By Don C. Brunell
Recently, some of America’s most respected statesmen announced a different strategy to reducing carbon pollution—-one which is based on incentives as opposed to penalties.
Believing that carrots work better than sticks, the Climate Leadership Council (CLC) announced a new plan to enact a federal tax on carbon emissions with an accompanying payment program to U.S. citizens.
The centerpiece is a “carbon dividend” which, as they put it, would increase the disposable income for the majority of Americans while disproportionately helping those struggling to make ends meet. They are our citizens most impacted by increased costs.
The dividends would be processed by the Social Security Administration and paid to people with valid Social Security numbers.
Former presidents Ronald Reagan and George H.W. Bush cabinet members, James Baker and George Shultz, penned a recent column in the Wall Street Journal explaining the proposal.
They wrote that while the extent to which climate change is due to “man-made cause” can be questioned, the risks associated with future global warming are “so severe that they should be hedged.”
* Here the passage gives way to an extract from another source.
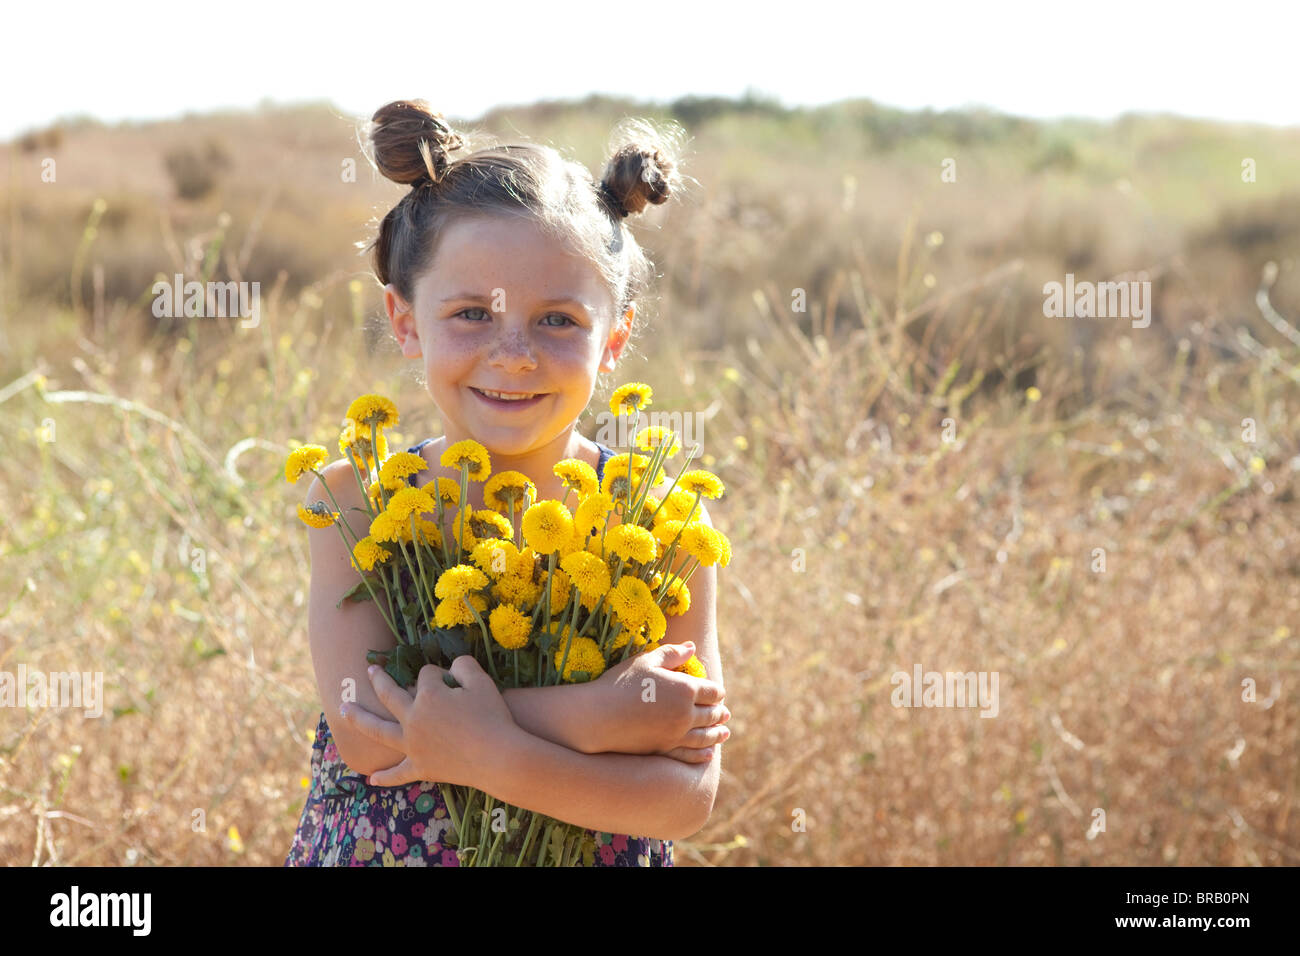 Young girl with an armful of yellow flowers Stock Photo

CLC advocates believe their methodology is more of a blanket insurance policy which more effectively addresses climate change. They reject the “heavy-handed, growth-inhibiting government regulations” approach from President Barack Obama’s time in the White House and coming from Gov. Jay Inslee in our state. Instead, they are proposing a market-based system with limited governmental directives.
CLC’s plan has four pillars.
First, it creates a gradually increasing carbon tax which could start at $40 per ton. If that sounds similar to the I-732 which our state’s voters rejected last November, it is. But that is where the similarity stops. Remember, it is a national, not a state carbon tax.
The second pillar is new.
Money collected from the carbon tax would be returned to Americans as a dividend. That dividend would offset higher energy and product costs from the carbon tax. CLC estimates a family of four could receive a $2,000 dividend in the first year alone.
CLC leaders believe their proposal encourages innovation in existing energy companies and auto and truck manufacturers which now rely heavily on carbon-laced fuels. They believe their plan provides predictability for utilities and manufacturers attempting to navigate the myriad of complex rules and regulations currently in place at federal and state levels.
A third CLC pillar allows for border adjustments for the carbon content of exports and imports. It would protect American competitiveness and punish free-riding by other nations which do not address carbon emissions.
Here is how it works.
American companies exporting to countries without comparable carbon taxes would receive rebates for carbon taxes they paid. On the other hand, imports from those nations would face fees on the carbon content of their products. Those import fees would be returned to our citizens in the form of a larger dividend.
The fourth pillar is regulatory relief. Baker and Shultz believe EPA’s carbon dioxide regulations inhibit growth and should be phased out. A key result would be fewer lawsuits.
CLC backers hope to build bipartisan consensus. They believe the key is to carefully rollback regulations, tie the initial carbon tax rate to the level of current regulations, and return dividends to people and not fill government coffers.
If CLC projections are correct, the Treasury Dept. calculates the bottom 70 percent of Americans come out ahead. They are our citizens who can least afford to simply absorb the higher costs of products, electric and gas heating bills, and higher prices at the gas pump.
Their proposal deserves serious consideration because change best occurs when people have incentives to try something new.